▶

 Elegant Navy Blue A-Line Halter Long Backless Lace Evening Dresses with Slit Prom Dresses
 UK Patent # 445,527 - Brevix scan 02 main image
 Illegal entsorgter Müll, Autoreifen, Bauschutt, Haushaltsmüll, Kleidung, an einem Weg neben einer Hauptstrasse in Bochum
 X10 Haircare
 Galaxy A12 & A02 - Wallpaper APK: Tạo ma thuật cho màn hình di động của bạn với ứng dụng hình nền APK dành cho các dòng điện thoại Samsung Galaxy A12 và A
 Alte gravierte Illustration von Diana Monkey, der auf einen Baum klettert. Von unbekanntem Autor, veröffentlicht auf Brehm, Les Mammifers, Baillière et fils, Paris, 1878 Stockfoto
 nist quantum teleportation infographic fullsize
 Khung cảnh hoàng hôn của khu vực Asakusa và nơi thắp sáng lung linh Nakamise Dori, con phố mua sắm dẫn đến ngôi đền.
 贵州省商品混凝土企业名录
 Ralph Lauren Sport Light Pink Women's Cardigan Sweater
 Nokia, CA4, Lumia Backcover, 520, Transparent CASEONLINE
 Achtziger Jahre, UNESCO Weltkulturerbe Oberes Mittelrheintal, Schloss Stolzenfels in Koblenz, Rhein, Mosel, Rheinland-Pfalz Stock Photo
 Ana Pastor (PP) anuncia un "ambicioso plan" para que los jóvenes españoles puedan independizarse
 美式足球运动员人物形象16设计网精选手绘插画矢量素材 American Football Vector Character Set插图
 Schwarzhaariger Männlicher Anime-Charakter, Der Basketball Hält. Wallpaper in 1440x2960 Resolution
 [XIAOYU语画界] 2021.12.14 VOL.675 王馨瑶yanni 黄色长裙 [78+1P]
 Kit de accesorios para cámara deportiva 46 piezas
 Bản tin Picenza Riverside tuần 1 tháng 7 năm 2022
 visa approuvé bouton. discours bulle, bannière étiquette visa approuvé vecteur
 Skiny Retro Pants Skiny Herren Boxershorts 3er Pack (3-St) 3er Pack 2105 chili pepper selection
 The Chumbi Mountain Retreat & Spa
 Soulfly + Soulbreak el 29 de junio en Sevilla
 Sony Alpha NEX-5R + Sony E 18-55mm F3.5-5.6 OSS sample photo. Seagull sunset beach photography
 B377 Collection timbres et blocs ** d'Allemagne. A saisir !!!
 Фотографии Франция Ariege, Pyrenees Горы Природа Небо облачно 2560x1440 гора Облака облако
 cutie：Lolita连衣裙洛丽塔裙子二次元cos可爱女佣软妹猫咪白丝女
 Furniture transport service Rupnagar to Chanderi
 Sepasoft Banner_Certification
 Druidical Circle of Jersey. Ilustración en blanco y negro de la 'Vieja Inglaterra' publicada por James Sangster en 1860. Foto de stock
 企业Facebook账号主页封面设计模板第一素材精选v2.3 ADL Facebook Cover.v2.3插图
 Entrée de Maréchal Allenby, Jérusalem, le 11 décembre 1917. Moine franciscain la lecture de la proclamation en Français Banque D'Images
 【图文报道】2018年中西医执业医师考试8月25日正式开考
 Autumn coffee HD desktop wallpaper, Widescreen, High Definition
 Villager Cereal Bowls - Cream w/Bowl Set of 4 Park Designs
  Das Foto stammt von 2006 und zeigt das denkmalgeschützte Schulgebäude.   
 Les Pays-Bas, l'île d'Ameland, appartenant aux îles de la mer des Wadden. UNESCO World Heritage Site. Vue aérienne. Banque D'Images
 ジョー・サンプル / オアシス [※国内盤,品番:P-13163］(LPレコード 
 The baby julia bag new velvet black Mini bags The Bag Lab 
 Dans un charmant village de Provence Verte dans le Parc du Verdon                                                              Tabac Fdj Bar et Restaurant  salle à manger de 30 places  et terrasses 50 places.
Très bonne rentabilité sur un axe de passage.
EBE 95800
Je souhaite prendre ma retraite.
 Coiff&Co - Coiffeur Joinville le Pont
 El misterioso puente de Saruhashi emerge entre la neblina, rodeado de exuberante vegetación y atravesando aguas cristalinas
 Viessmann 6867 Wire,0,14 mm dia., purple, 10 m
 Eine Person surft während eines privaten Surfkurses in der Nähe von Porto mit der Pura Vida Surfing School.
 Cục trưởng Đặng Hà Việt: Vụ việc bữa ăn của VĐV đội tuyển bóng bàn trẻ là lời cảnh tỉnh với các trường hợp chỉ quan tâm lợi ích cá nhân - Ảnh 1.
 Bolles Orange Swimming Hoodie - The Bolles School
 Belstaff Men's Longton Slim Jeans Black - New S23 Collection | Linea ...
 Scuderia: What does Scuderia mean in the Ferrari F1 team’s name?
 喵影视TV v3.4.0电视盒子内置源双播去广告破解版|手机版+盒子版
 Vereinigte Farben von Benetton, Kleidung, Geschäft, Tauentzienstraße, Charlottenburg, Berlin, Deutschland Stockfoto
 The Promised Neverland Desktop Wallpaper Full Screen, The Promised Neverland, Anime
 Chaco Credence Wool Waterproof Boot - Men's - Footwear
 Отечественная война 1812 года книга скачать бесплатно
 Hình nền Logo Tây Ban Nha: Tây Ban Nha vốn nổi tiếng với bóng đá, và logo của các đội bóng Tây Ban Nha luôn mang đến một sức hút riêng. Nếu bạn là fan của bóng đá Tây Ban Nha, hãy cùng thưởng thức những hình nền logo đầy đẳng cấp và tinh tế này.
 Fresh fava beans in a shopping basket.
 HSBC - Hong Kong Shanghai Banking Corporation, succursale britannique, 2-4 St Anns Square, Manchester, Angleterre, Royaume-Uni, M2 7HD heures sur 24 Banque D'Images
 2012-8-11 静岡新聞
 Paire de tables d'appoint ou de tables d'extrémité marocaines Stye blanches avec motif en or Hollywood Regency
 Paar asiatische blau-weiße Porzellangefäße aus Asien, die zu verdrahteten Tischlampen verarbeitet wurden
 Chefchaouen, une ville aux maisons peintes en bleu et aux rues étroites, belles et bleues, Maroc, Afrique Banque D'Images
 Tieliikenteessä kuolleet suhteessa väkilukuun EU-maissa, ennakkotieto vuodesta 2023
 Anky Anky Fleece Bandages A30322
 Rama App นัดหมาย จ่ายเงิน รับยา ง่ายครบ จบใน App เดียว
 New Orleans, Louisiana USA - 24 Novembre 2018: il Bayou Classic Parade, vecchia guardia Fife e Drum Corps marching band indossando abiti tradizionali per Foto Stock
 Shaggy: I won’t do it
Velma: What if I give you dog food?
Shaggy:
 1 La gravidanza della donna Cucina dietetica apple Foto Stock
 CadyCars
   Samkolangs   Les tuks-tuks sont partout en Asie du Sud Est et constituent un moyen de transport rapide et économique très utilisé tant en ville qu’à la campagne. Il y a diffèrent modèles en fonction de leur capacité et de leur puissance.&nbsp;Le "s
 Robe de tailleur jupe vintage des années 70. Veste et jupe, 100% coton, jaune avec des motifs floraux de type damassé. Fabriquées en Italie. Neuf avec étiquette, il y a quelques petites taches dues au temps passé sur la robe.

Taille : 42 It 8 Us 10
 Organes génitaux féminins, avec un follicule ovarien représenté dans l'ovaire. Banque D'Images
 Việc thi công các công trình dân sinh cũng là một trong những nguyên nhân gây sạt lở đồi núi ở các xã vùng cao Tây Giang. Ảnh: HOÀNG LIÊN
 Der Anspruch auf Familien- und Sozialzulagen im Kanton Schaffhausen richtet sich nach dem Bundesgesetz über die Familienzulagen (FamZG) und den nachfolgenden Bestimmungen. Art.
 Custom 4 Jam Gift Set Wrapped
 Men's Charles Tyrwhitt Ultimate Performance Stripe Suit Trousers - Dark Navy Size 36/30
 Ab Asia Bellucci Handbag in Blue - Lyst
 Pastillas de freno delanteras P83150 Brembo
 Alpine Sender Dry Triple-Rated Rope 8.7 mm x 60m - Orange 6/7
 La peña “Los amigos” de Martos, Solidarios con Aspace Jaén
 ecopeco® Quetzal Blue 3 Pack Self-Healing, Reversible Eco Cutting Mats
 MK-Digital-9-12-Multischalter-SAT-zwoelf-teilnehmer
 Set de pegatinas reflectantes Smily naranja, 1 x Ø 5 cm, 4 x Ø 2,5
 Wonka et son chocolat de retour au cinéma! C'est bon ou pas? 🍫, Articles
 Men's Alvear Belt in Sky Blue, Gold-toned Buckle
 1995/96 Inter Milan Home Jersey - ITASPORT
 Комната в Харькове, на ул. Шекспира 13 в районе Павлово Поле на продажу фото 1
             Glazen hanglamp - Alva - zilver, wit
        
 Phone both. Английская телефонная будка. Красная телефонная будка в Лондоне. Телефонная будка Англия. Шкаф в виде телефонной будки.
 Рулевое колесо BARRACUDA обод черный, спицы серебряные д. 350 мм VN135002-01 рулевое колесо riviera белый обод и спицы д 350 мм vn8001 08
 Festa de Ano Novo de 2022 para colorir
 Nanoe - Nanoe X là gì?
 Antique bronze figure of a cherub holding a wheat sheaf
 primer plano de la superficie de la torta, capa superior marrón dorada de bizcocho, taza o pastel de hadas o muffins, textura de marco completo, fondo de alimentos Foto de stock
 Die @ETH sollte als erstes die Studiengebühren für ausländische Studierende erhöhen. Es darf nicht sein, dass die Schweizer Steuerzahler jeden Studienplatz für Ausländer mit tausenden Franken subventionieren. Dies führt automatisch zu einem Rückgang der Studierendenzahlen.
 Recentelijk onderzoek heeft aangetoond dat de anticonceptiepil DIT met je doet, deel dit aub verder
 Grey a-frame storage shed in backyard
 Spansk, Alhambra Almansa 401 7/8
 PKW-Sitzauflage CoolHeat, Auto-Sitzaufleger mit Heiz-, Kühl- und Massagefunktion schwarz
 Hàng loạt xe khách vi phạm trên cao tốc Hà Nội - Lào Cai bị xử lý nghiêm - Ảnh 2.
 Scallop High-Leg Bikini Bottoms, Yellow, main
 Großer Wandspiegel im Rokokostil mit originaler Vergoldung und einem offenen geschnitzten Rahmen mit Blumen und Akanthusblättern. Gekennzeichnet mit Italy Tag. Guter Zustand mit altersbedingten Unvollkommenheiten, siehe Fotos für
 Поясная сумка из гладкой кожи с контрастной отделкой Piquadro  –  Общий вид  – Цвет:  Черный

◀

### Try it
Return, word for word, the line containing "Großer Wandspiegel im" and all lines after it through the last line of the records, and nothing else.

### Solution to the exercise
 Großer Wandspiegel im Rokokostil mit originaler Vergoldung und einem offenen geschnitzten Rahmen mit Blumen und Akanthusblättern. Gekennzeichnet mit Italy Tag. Guter Zustand mit altersbedingten Unvollkommenheiten, siehe Fotos für
 Поясная сумка из гладкой кожи с контрастной отделкой Piquadro  –  Общий вид  – Цвет:  Черный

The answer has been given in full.